* _About this task_
Where a line of the listing below includes the word "Size", reproduce that line.

* _Extracted information_
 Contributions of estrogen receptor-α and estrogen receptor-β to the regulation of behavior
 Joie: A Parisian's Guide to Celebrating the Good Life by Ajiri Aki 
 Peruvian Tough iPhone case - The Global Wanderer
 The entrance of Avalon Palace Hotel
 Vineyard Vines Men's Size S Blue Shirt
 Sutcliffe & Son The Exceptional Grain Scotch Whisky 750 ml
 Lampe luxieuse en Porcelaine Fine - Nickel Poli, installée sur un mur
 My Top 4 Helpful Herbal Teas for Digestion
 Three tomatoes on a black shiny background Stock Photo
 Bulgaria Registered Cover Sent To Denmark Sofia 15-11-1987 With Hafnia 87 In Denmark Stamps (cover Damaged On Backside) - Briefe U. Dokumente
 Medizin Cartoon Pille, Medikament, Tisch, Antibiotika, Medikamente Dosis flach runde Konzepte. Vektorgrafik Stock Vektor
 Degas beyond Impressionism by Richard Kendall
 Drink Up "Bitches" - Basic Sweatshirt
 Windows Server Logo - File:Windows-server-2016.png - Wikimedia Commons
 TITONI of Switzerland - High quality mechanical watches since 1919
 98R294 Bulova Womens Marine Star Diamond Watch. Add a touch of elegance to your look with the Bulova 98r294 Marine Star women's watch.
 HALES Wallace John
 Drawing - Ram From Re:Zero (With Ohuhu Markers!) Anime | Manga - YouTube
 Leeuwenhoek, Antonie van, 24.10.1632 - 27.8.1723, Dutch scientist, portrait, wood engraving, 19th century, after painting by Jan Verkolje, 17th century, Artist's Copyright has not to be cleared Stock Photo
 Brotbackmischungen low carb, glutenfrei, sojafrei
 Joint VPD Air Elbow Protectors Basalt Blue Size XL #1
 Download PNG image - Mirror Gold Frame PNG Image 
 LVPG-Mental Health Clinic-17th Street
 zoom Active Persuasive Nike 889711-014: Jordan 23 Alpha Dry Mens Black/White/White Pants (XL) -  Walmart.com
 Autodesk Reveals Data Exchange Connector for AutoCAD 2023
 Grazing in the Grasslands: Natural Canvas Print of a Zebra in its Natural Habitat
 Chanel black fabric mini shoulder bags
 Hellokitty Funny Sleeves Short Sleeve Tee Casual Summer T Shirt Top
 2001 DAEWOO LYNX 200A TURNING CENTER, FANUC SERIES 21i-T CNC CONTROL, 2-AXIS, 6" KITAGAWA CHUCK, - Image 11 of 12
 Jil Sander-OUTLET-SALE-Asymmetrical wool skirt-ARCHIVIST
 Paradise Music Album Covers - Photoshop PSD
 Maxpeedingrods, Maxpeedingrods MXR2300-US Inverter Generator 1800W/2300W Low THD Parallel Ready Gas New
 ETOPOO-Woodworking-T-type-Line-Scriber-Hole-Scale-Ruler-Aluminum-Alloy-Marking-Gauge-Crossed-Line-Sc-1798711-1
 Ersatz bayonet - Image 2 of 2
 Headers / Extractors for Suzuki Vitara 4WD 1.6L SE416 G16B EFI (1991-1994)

* _Solution to this problem_
 Vineyard Vines Men's Size S Blue Shirt
 Joint VPD Air Elbow Protectors Basalt Blue Size XL #1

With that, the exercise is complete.